Due to the way the resolver code works in certain versions of Alpine Linux, it may be necessary to reconfigure the spire-postgres-pooler to use the fully qualified domain name of the database in order to prevent DNS lookup errors.
The spire-server pods are logging query_wait_timeout errors.
time="2022-11-15T09:39:38Z" level=error msg="Fatal run error" error="datastore-sql: pq: query_wait_timeout"
time="2022-11-15T09:39:38Z" level=error msg="Server crashed" error="datastore-sql: pq: query_wait_timeout"
The spire-postgres-pooler pods are logging DNS lookup failure errors.

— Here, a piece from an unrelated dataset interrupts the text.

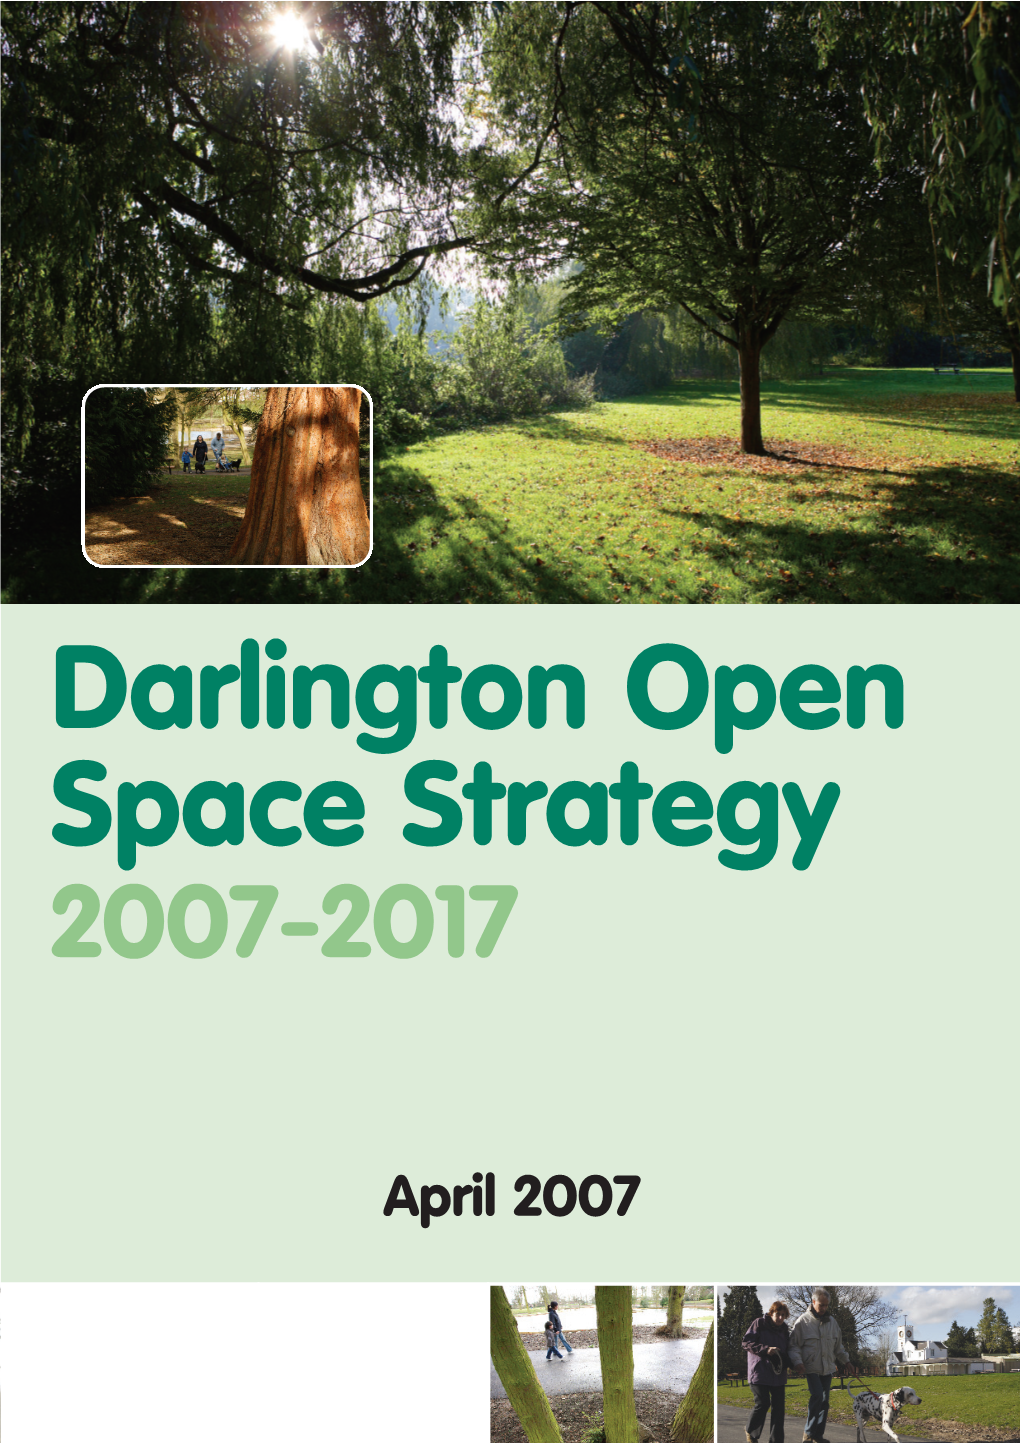 Darlington Open Space Strategy 2007-2017

2022-11-15 09:38:40.290 UTC [1] WARNING DNS lookup failed: spire-postgres: result=0
2022-11-15 09:38:56.211 UTC [1] WARNING DNS lookup failed: spire-postgres: result=0
2022-11-15 09:39:11.881 UTC [1] WARNING DNS lookup failed: spire-postgres: result=0
2022-11-15 09:39:27.879 UTC [1] WARNING DNS lookup failed: spire-postgres: result=0
2022-11-15 09:39:38.541 UTC [1] WARNING C-0x55729bbc56c0: spire/(nouser)@127.0.0.6:56151 pooler error: query_wait_timeout
(ncn-mw#) Edit the spire-postgres-pooler deployment.
Command:
kubectl -n spire edit deployment spire-postgres-pooler
Update the PGHOST environment variable to use the fully qualified domain name.
An example of the deployment before being edited:
containers:
- env:
- name: PGHOST
value: spire-postgres
Change PGHOST to:
containers:
- env:
- name: PGHOST
value: spire-postgres.spire.svc.cluster.local
The spire-postgres-pooler pods will automatically restart to pick up the new value.
IMPORTANT: This change will need to be reapplied if the spire Helm chart is re-installed.
This will be resolved in a future CSM release when the PostgreSQL operator is upgraded to a newer version.